[[ Source material open ]]

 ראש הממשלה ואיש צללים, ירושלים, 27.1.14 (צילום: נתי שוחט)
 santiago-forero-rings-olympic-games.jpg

[[ Source material closed ]]
[[ Source material open ]]

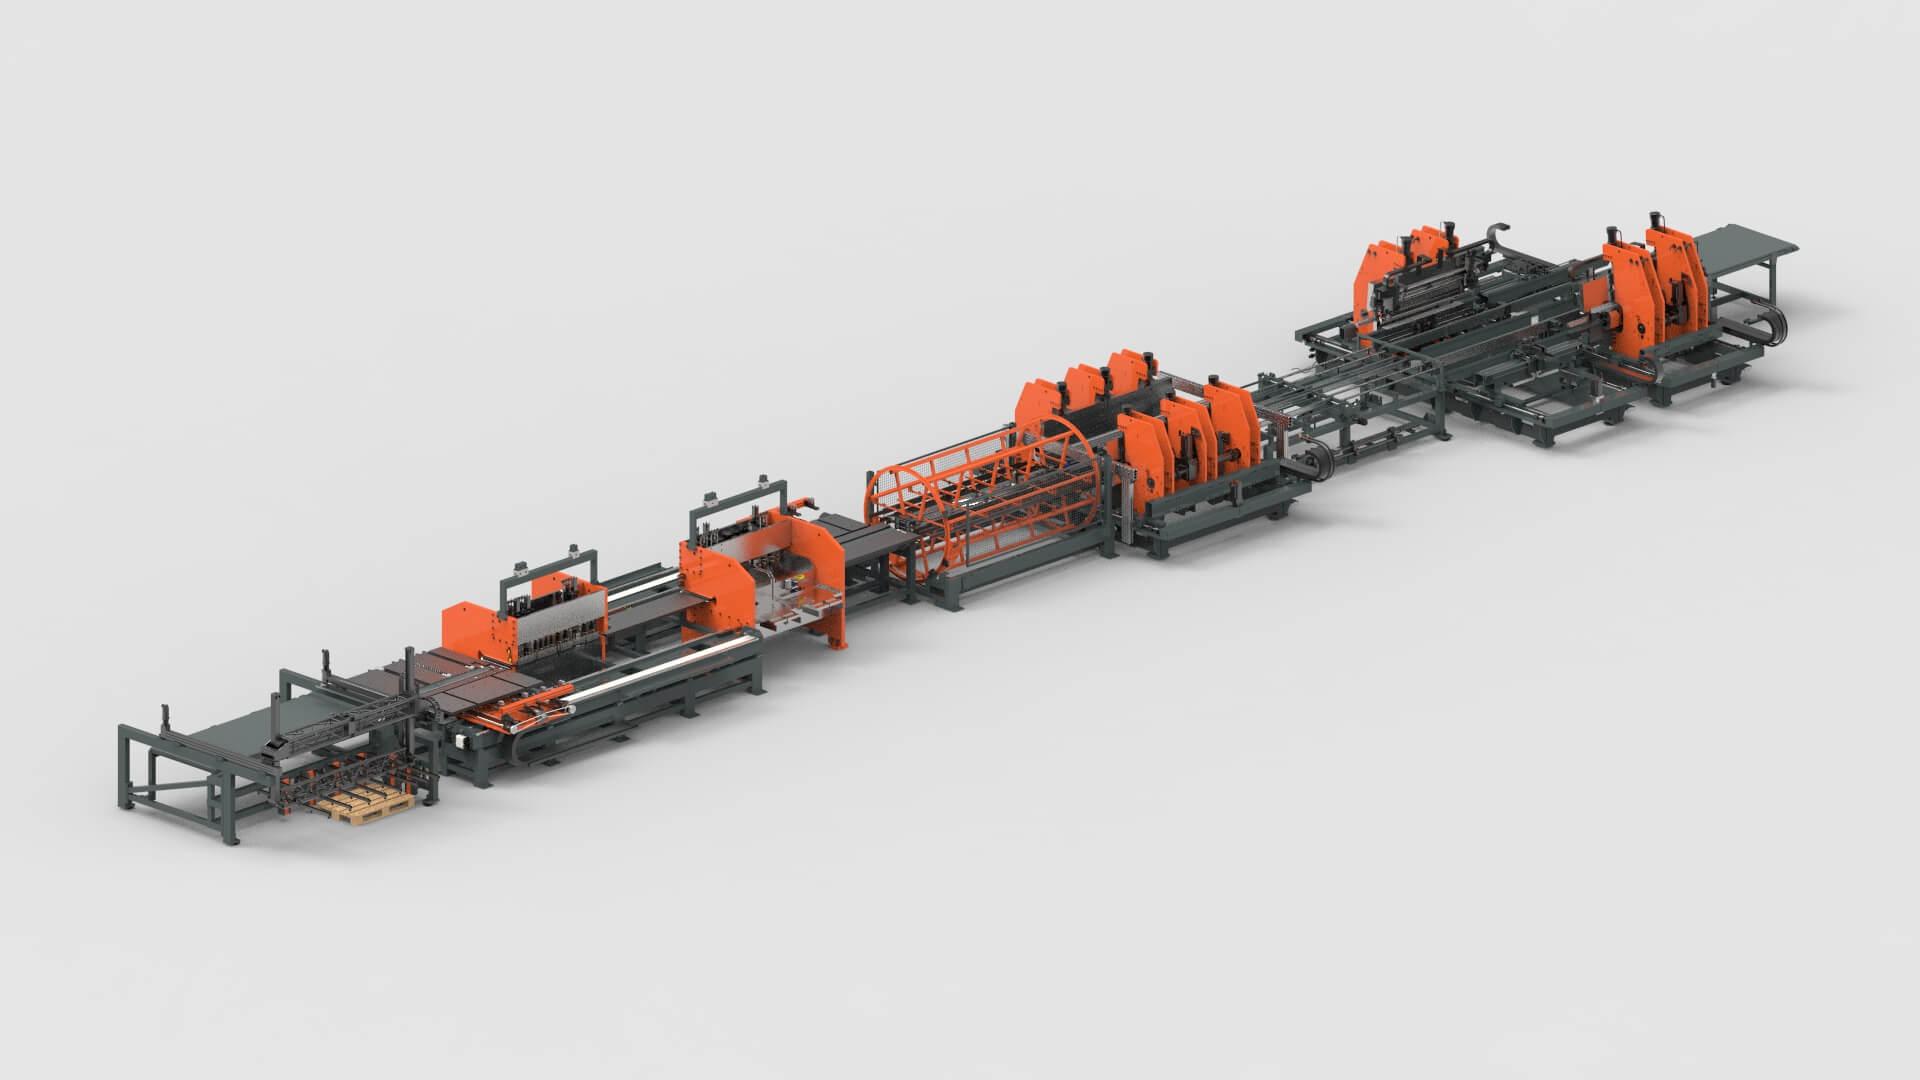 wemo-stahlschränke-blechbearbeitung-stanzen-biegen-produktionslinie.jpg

[[ Source material closed ]]

*What you should do*.
Begin with the line above that has "ראש הממשלה ואיש" and continue through the line that has "santiago-forero-rings-olympic-games.jpg", setting each one down exactly. Stop there.

*Solution to this task*.
 ראש הממשלה ואיש צללים, ירושלים, 27.1.14 (צילום: נתי שוחט)
 santiago-forero-rings-olympic-games.jpg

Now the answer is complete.